Task directions »
Only the pictures are dropped. Restate each line below word for word.
━━ Dataset excerpt ━━
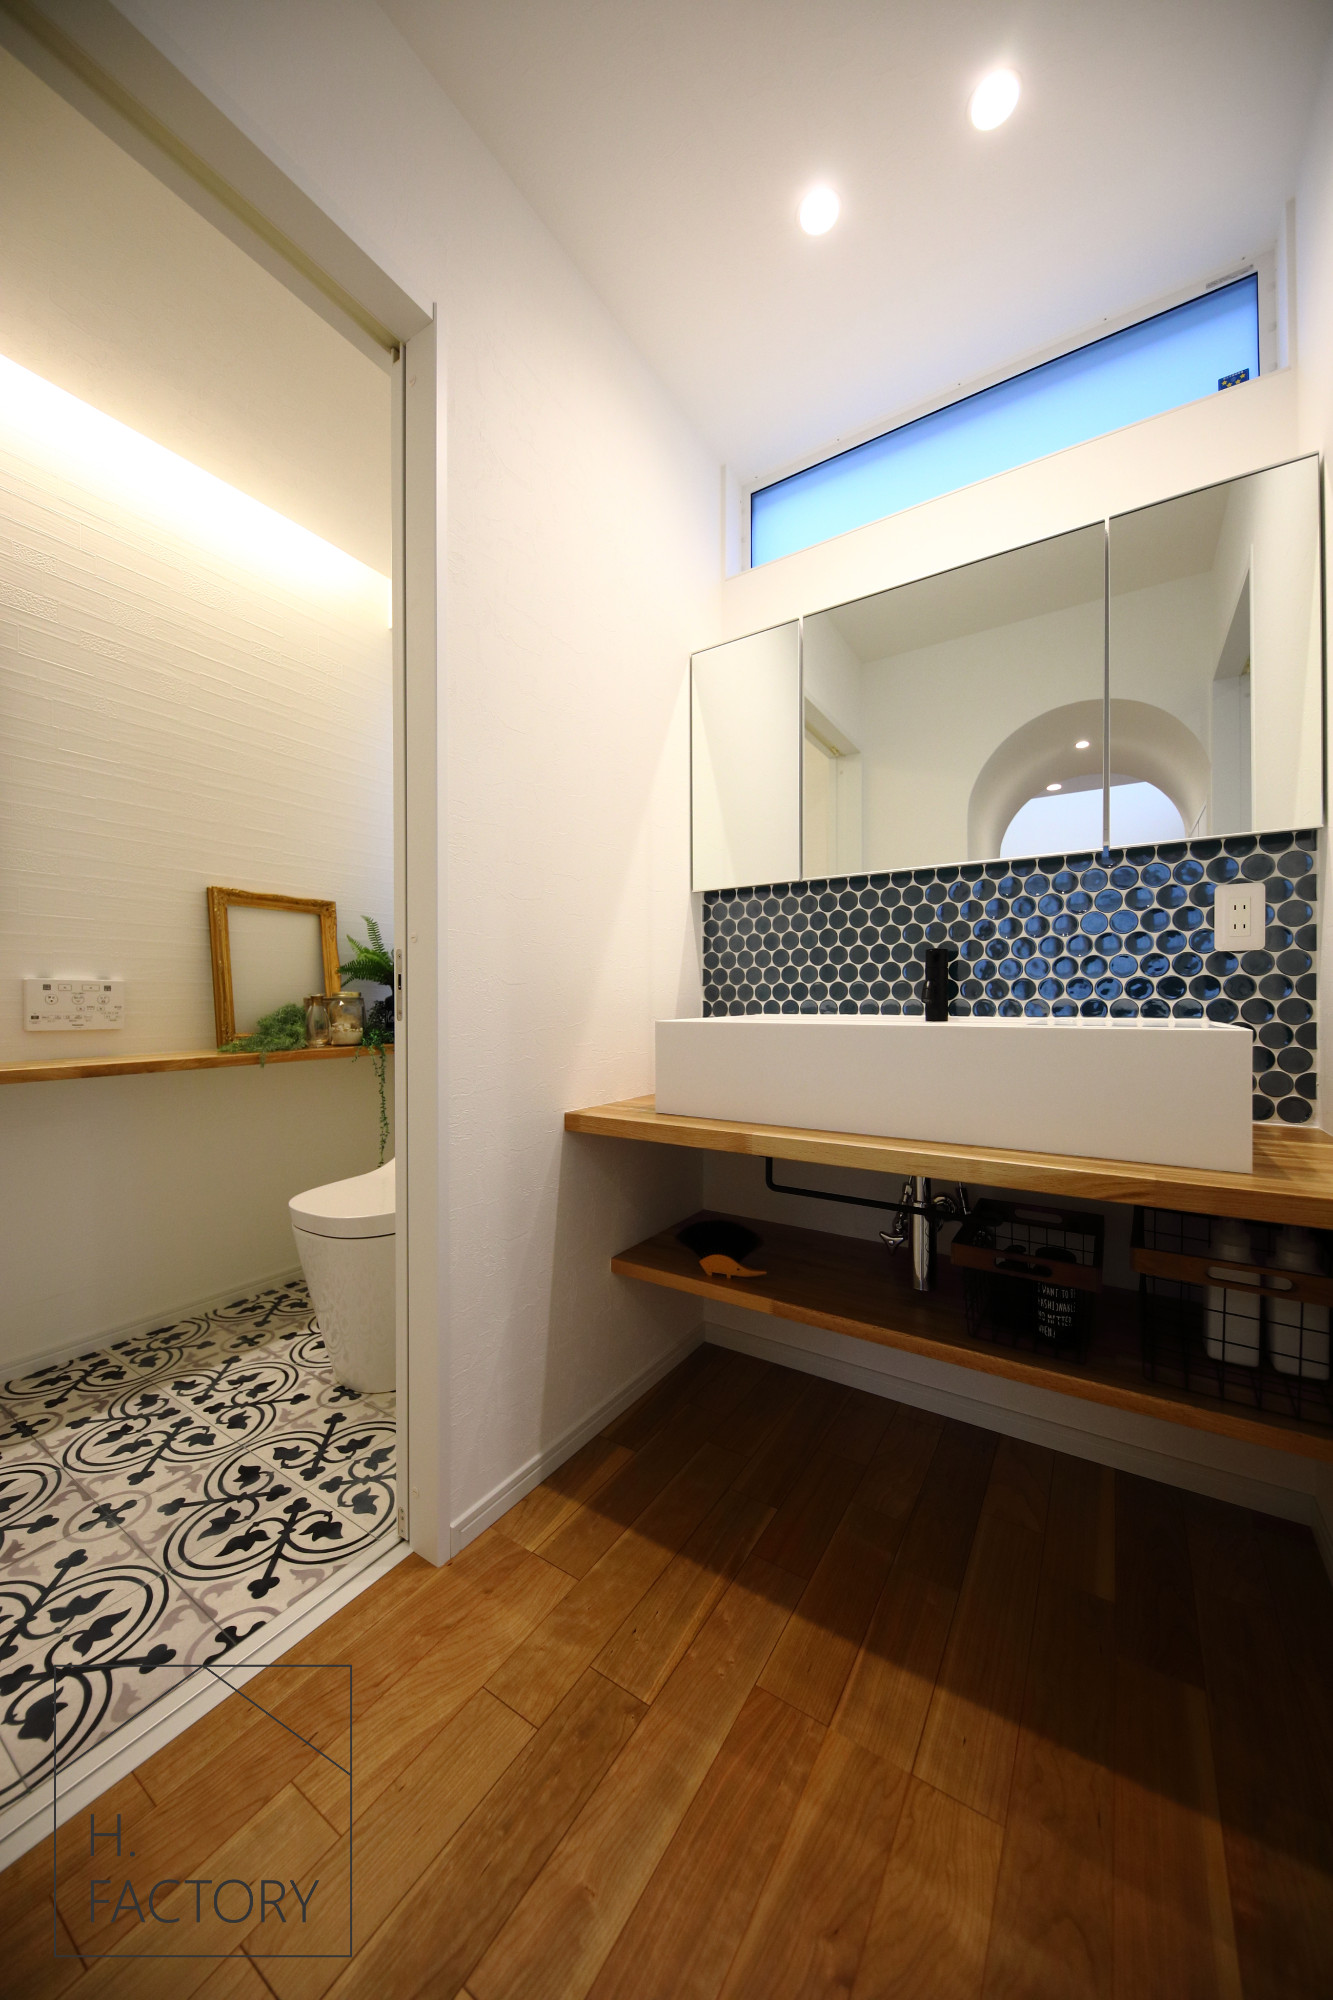 H.FACTORY/株式会社 橋本技建「カルフォルニアスタイルを愉しむ家」の西海岸風な洗面所・脱衣所の実例写真
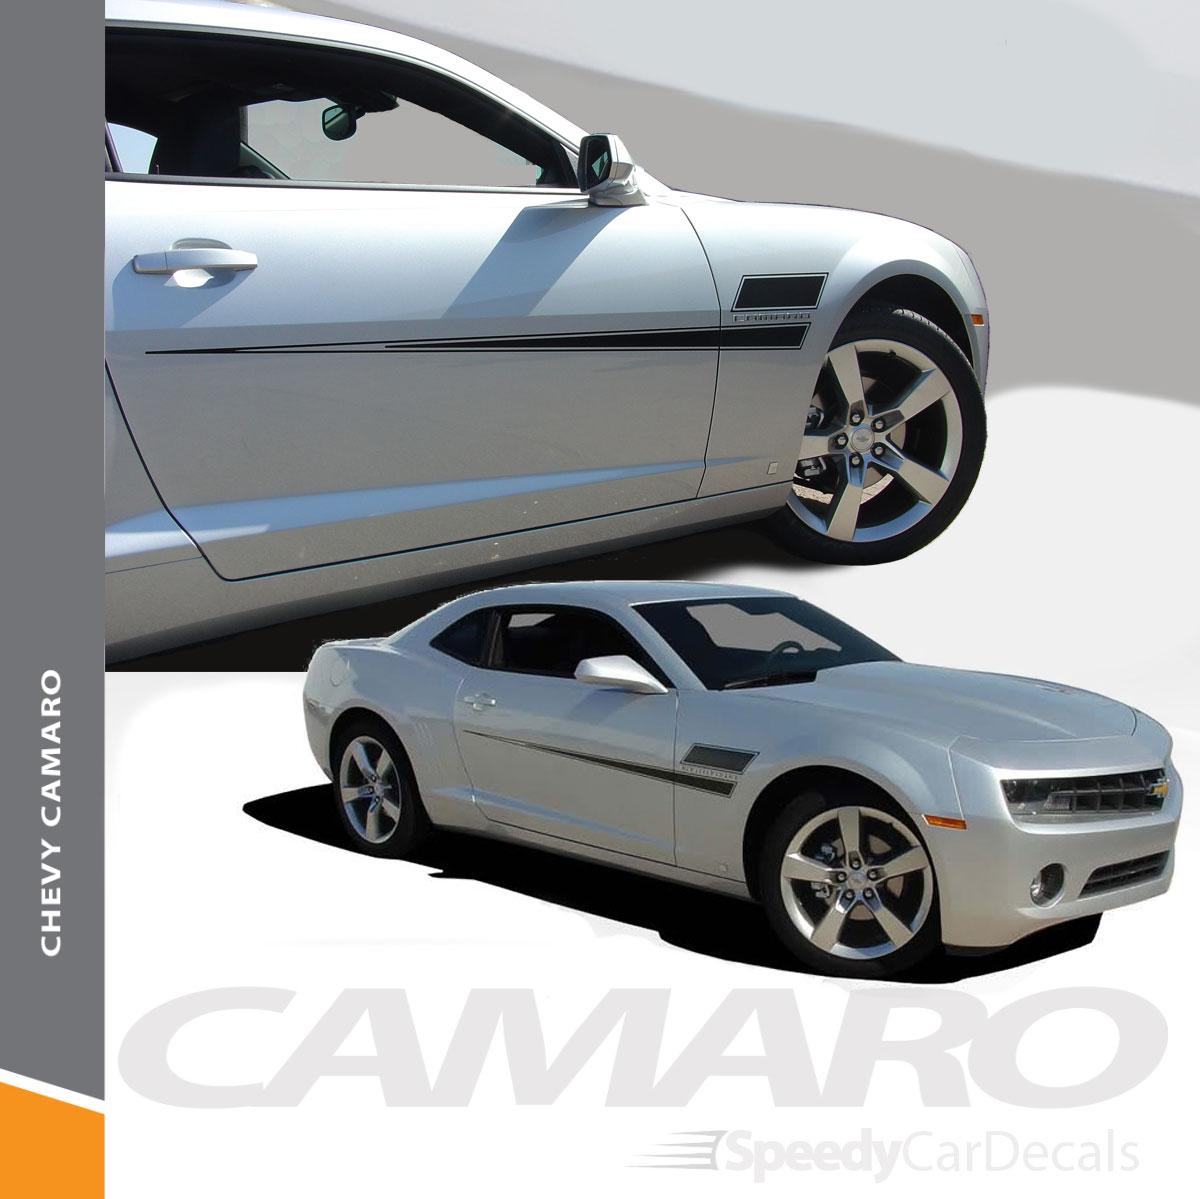 Speed Side 3M Pro Vinyl Stripes Graphics Decals 2010 2011 2012 2013 SS RS Camaro
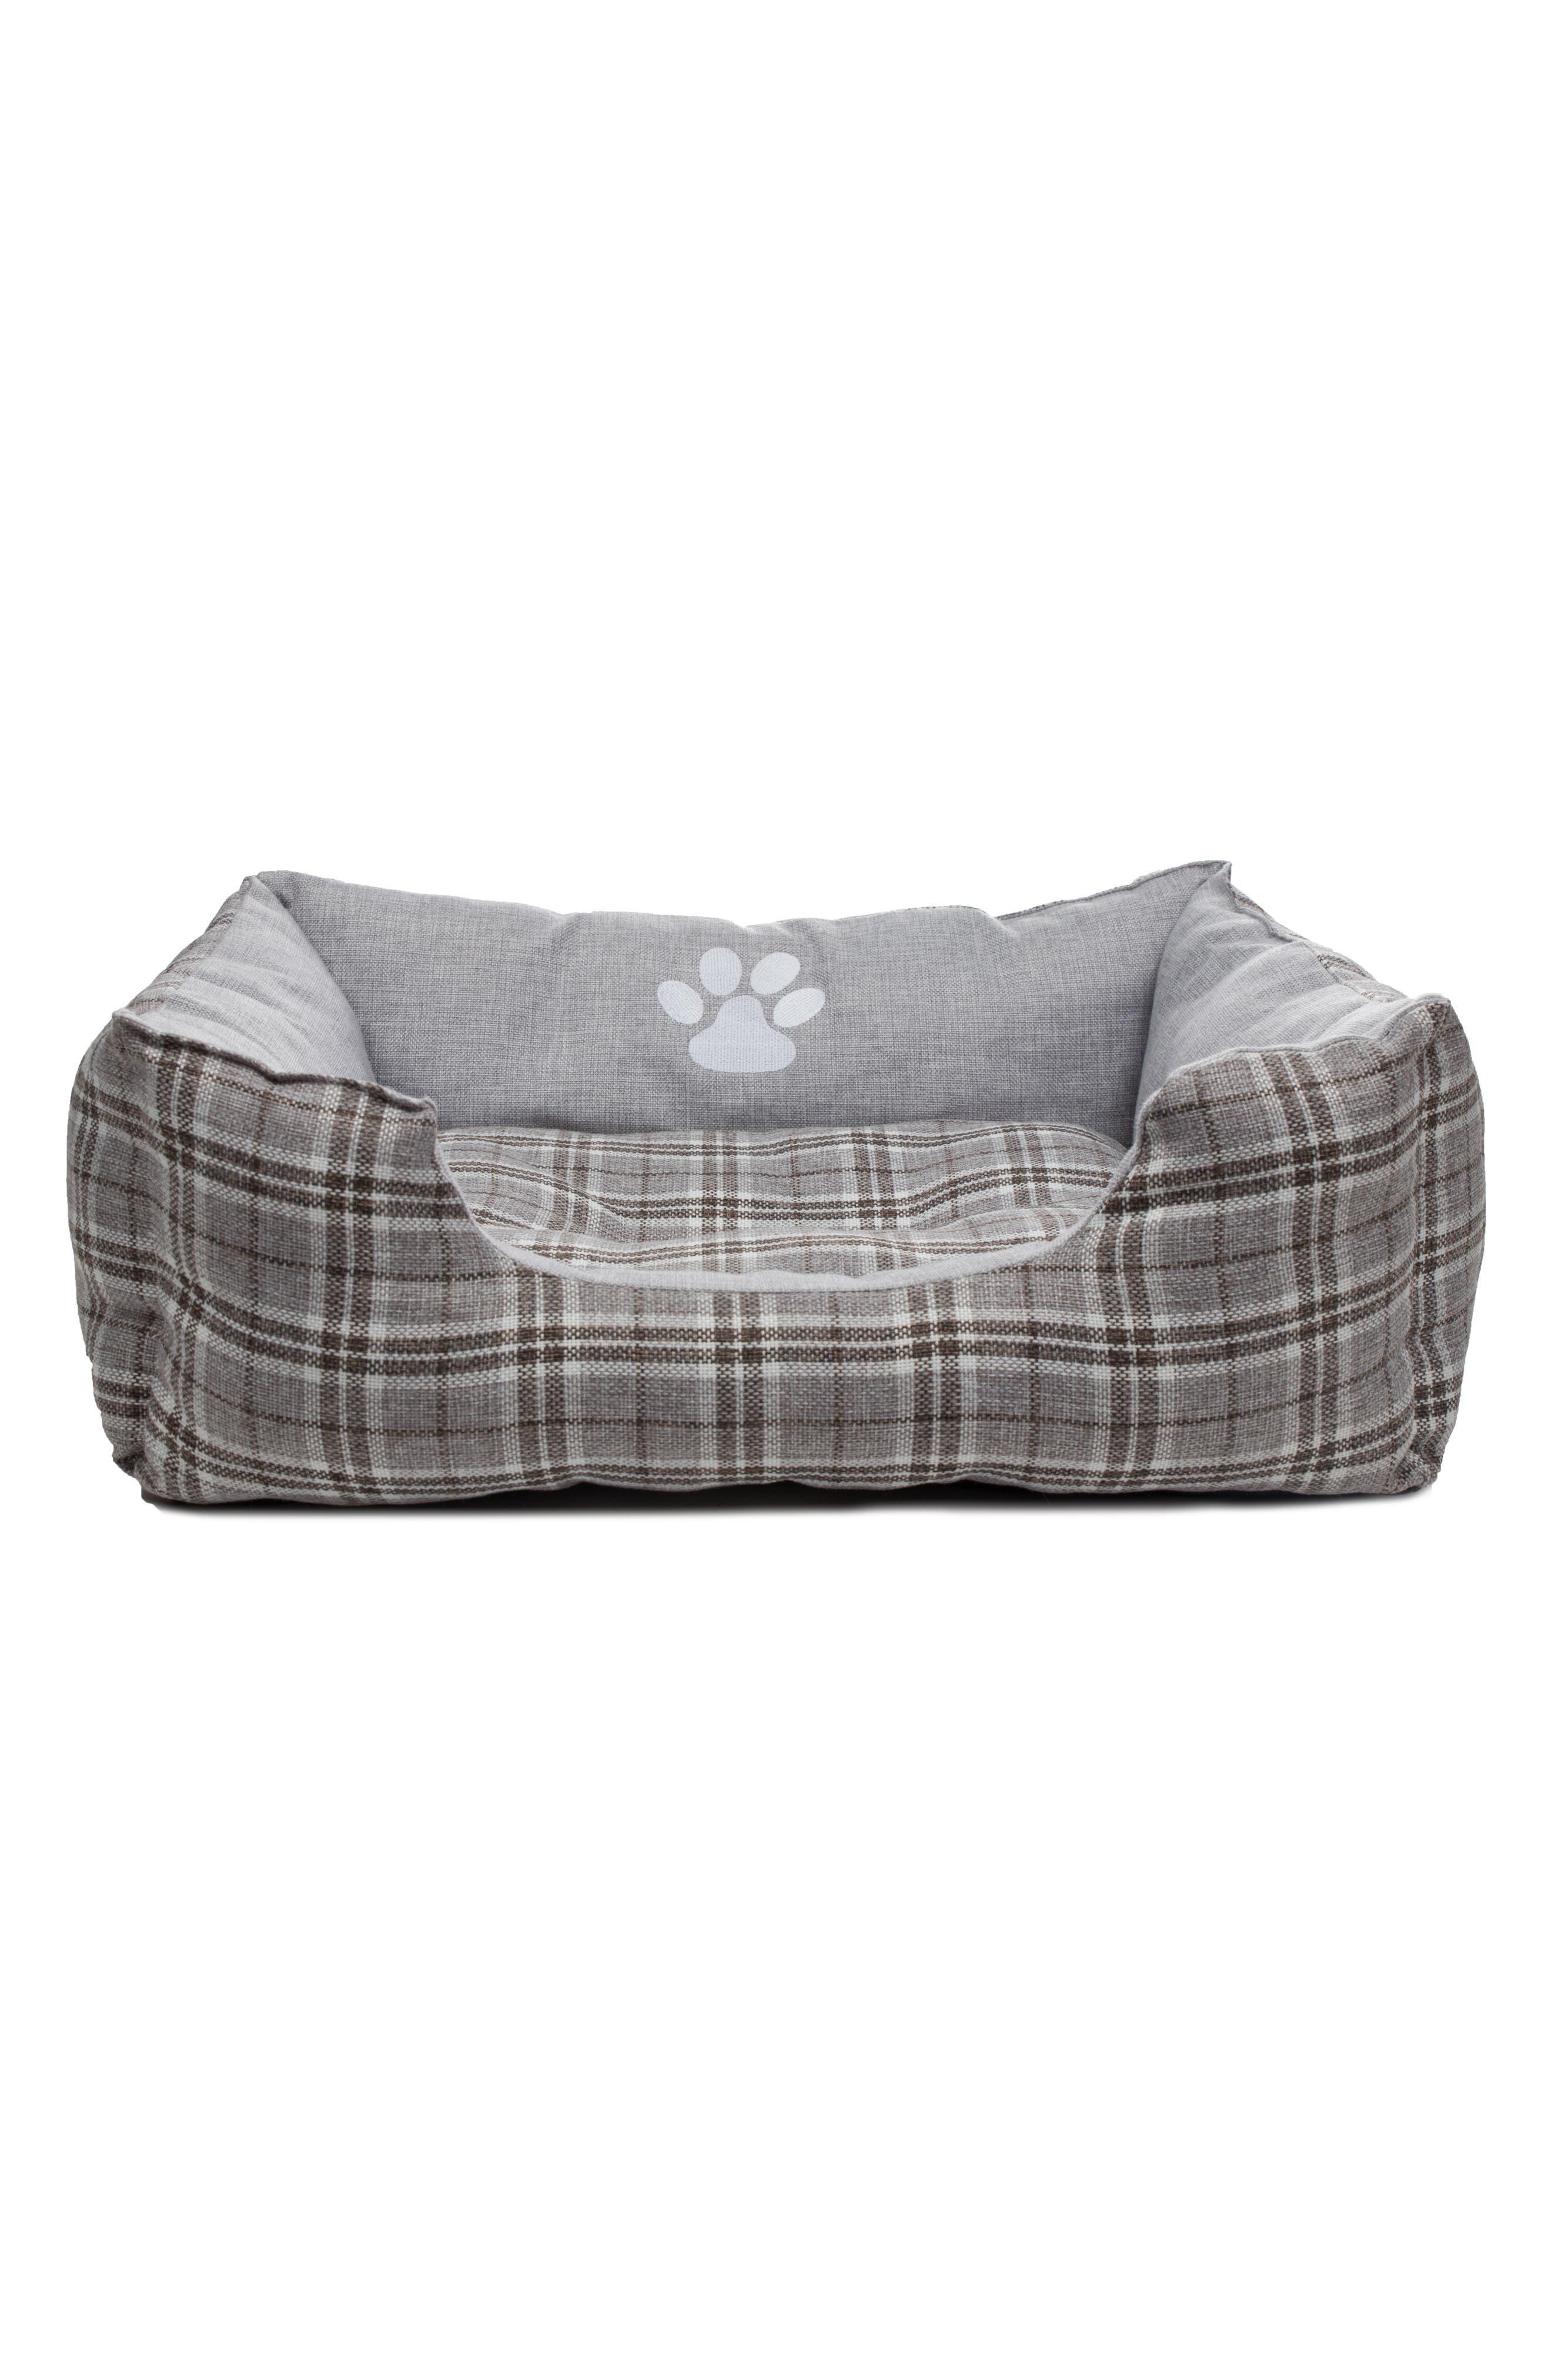 Harlee Large Square Pet Bed,                             Main thumbnail 1, color,                             Grey
━━━
Solution for this task »
 H.FACTORY/株式会社 橋本技建「カルフォルニアスタイルを愉しむ家」の西海岸風な洗面所・脱衣所の実例写真
 Speed Side 3M Pro Vinyl Stripes Graphics Decals 2010 2011 2012 2013 SS RS Camaro
 Harlee Large Square Pet Bed,                             Main thumbnail 1, color,                             Grey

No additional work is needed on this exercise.